Monthly Archives: March 2011

websites vs web apps

At KV Sites, we currently focus on providing websites to our customers.

However, this is not our main goal. Creating websites is a means to an end. We want to eventually enable all of our customers to create their own websites, and to eventually become creators of websites for their own clients.

How we do this, is to concentrate on automation.

Whenever we are asked to do anything, we do it, but we try to do it in such a way that the next time we are asked to do it, we can simply press a button.

The obvious example is the creation of a website. To build up a CMS-based website manually involves a number of technical points – create and install the database, create the virtual host, install the CMS, install the template, fill in the content. Purchase the domain name, configure the DNS

Every point above can be automated except the “fill in the content” part, and so we have automated it.

For our company, creating a website involves us simply clicking a “Create a new site” button:

This installs a CMS, including the database, a template, and even some sample content so it doesn’t start out blank.

All that leaves is for the client’s company-specific content to be entered, and for them to choose a domain name, and a design template change if they want it.

This is the reason why we are able to provide our websites much cheaper than most traditional web design companies – we try to cut out as much of the “behind the scenes” work as we can, so we don’t need to charge our clients for that work.

Now, back to the topic…

As said at the beginning of this post, our main goal is actually not to be a web design company.

The goal of the company KV Sites is to become a web applications provider.

While we still love our clients and want them to come in and buy websites from us, we are also working away in the background trying to come up with ways that we can give our tools away so that other people can create websites (and more) using our tools.

As an example, our control panel, which we use for creating websites, is currently also shared out so a number of resellers throughout Ireland can create websites themselves using the same tools we use (if you’re interested in this, contact Kae).

The reason we are doing this, is that we love working on the automation side of the equation. We love letting our clients edit their own sites whenever they want, and we love giving our resellers the ability to create and sell websites even if they are not web designers themselves.

We even love the people that are not using our CMS engine.

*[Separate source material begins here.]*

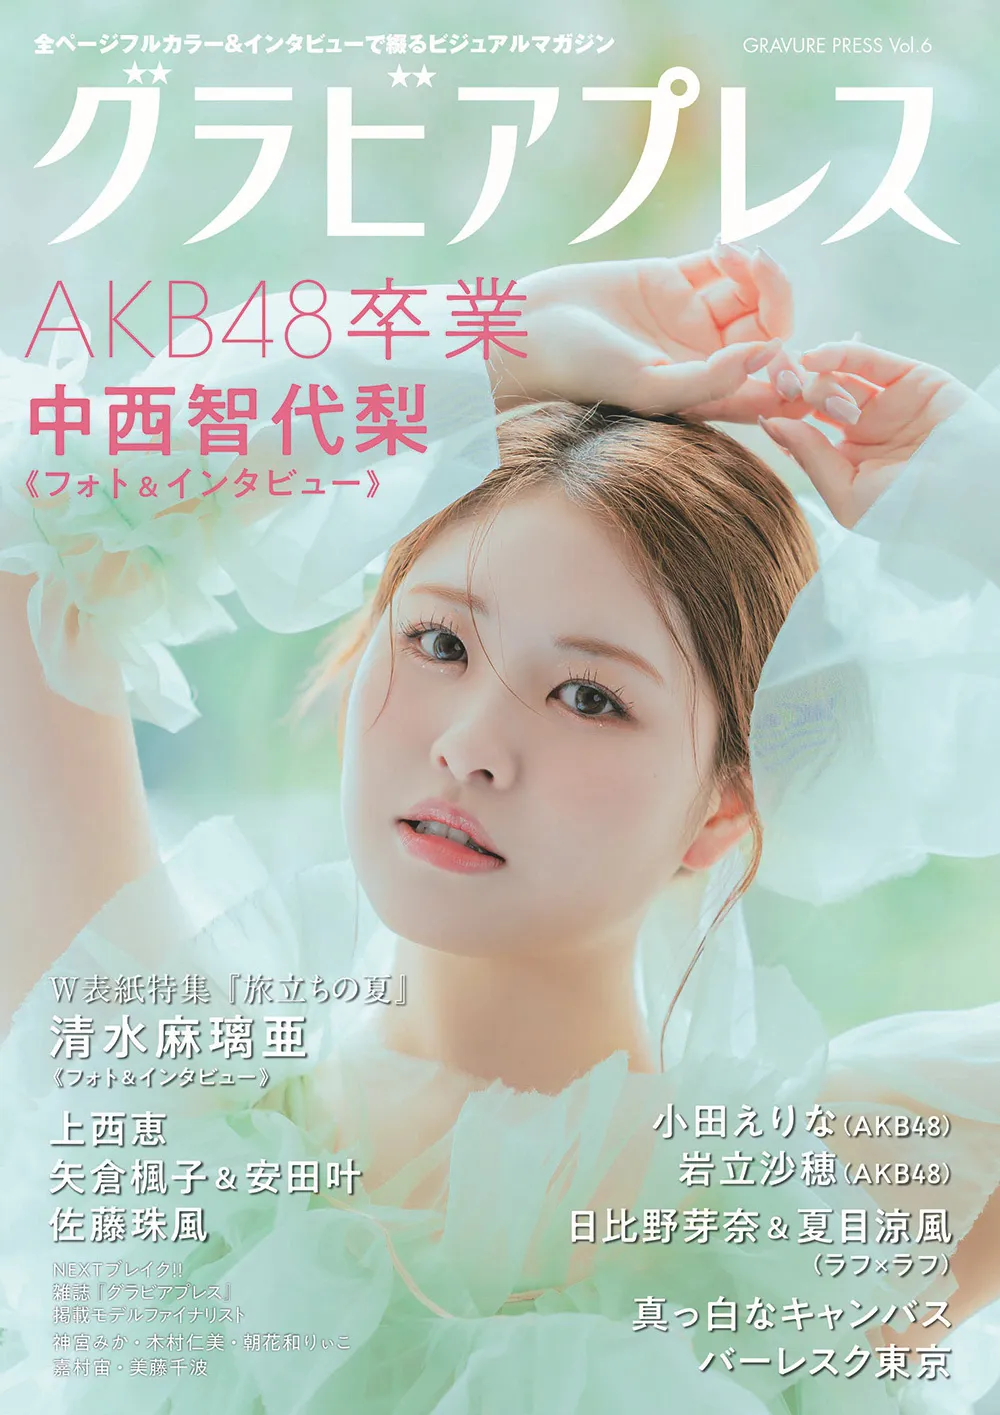 中西智代梨(AKB48)が「グラビアプレス」Vol.6の表紙を飾っている

For those of you out there that already have websites from other providers, we are writing a suite of tools to give you added abilities on those sites – for example, imagine adding a Facebook-like chat to your website by adding a single line of code to your website? Or maybe adding a subscription tool that lets you send SMS messages to your visitors? It’s all on the way…

success vs comfort

Over the last week, I’ve had the opportunity to work with some people who are building a large-scale application for a company. I can’t say much about it other than the company is a “house-hold name” online, and you will probably come across the work in your own online life soon.

The architecture (which I was hired to look at and suggest improvements for) is interesting, but what interested me more were the people driving the work.

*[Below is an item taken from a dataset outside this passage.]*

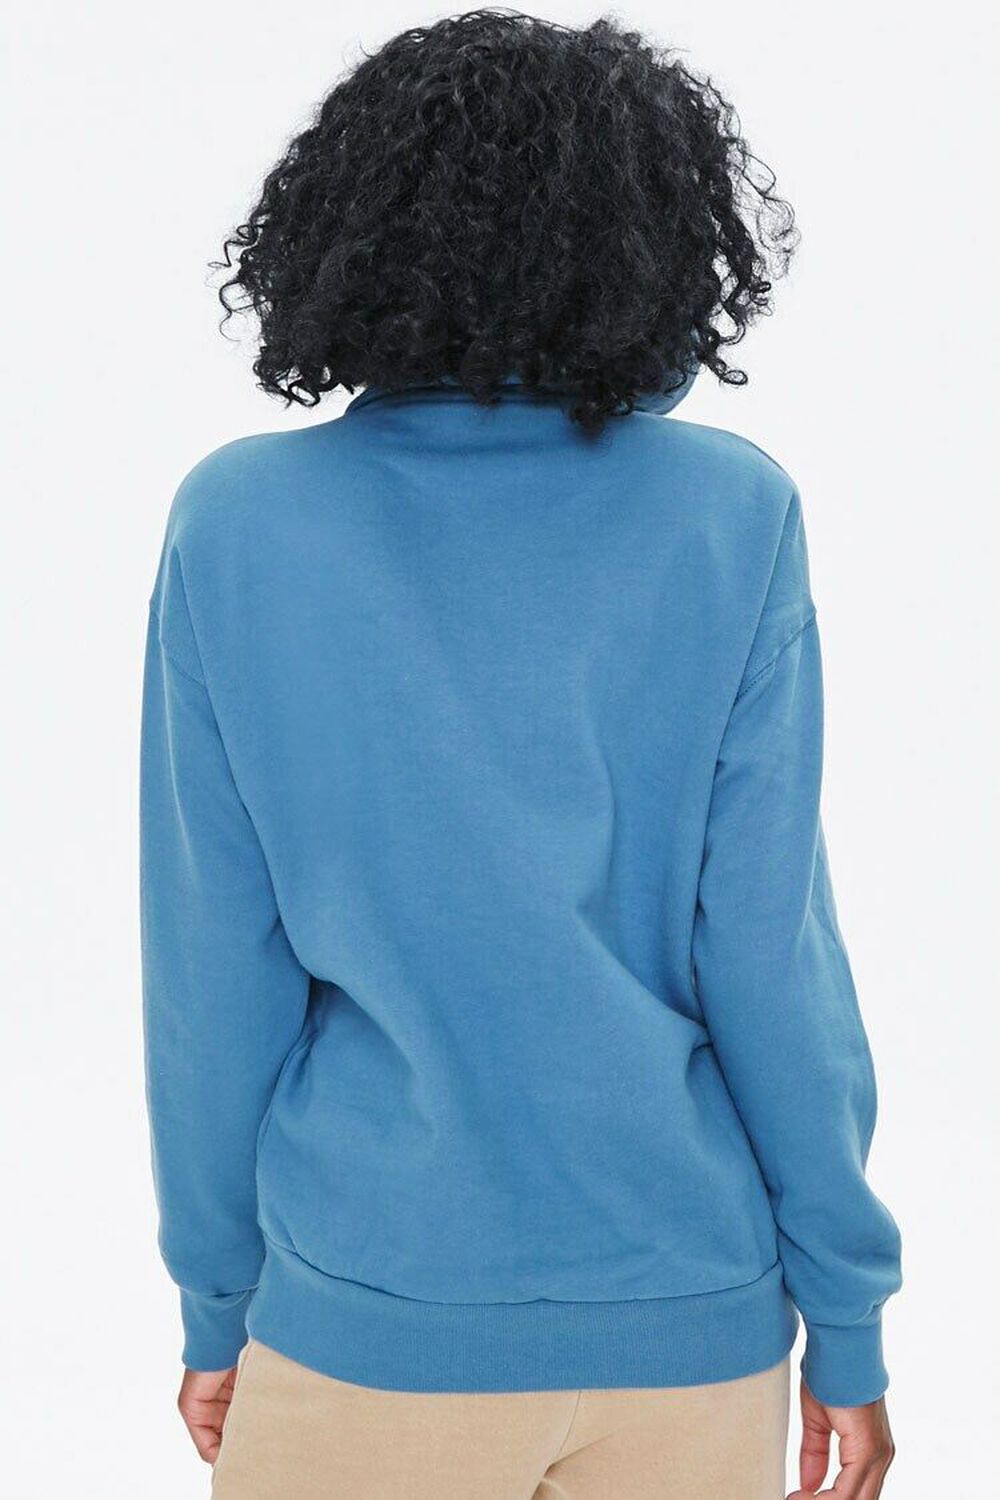 BLUE Half-Zip Pullover & Face Mask Set, image 3

It seems to me that the more people there are in a company, the more specialised the language gets when managers speak to each other. There was a lot of talk of “crud”, “sprints”, “stand-up meetings”, etc., each of which seemed a bit over-abstracted to me – it seemed to me that these things are for the benefit of the managers, and that the work itself could be done quicker without them.

I wasn’t very comfortable with it. I prefer to get on with the work. Spending an hour in the morning discussing what I’m going to do, and an hour at the end of the day discussing what I got done that day seems to me like I’ve just spent 25% of the working day talking when I could have been working.

I’m used to building up a plan which may be a week or two long, then getting it done. Having to stop every few hours to explain to people what is really a bit too low-level to be of interest to them is just not my idea of fun. It is my opinion that a manager needs to know when a project is ready to be demoed or published, but to invite a manager to dig into the engine and examine the nuts and bolts seems a bit mad.

Facebook do the exact opposite, and I admire them for it. They allow the programmers free reign to do their work whatever way they need to, and are only interested in results – not whether the method followed was Agile, Waterfall, Scrum, or some other cycle.

Companies that follow certain coding philosophies do it with a specific goal in mind – they want to be rich, and quickly.

I’m kind of the opposite to that, as can be seen by my prices. While it would be nice to be rich, I really do not want to go far out of my way to obtain that goal. I am more interested in paying the bills and not being stressed, than in some mad rat-race to get paid twice as much as I’m currently getting.

And so my own philosophy is to work away on things, incrementally improving my products, and to never take risks. If I do well, then I will eventually make a tidy sum. If I don’t, then I will at least be comfortable.

And that, for me, is what’s important. I prefer to go home at 5pm to a comfortable couch and a book, than to have a load of money in the bank and a stressful life.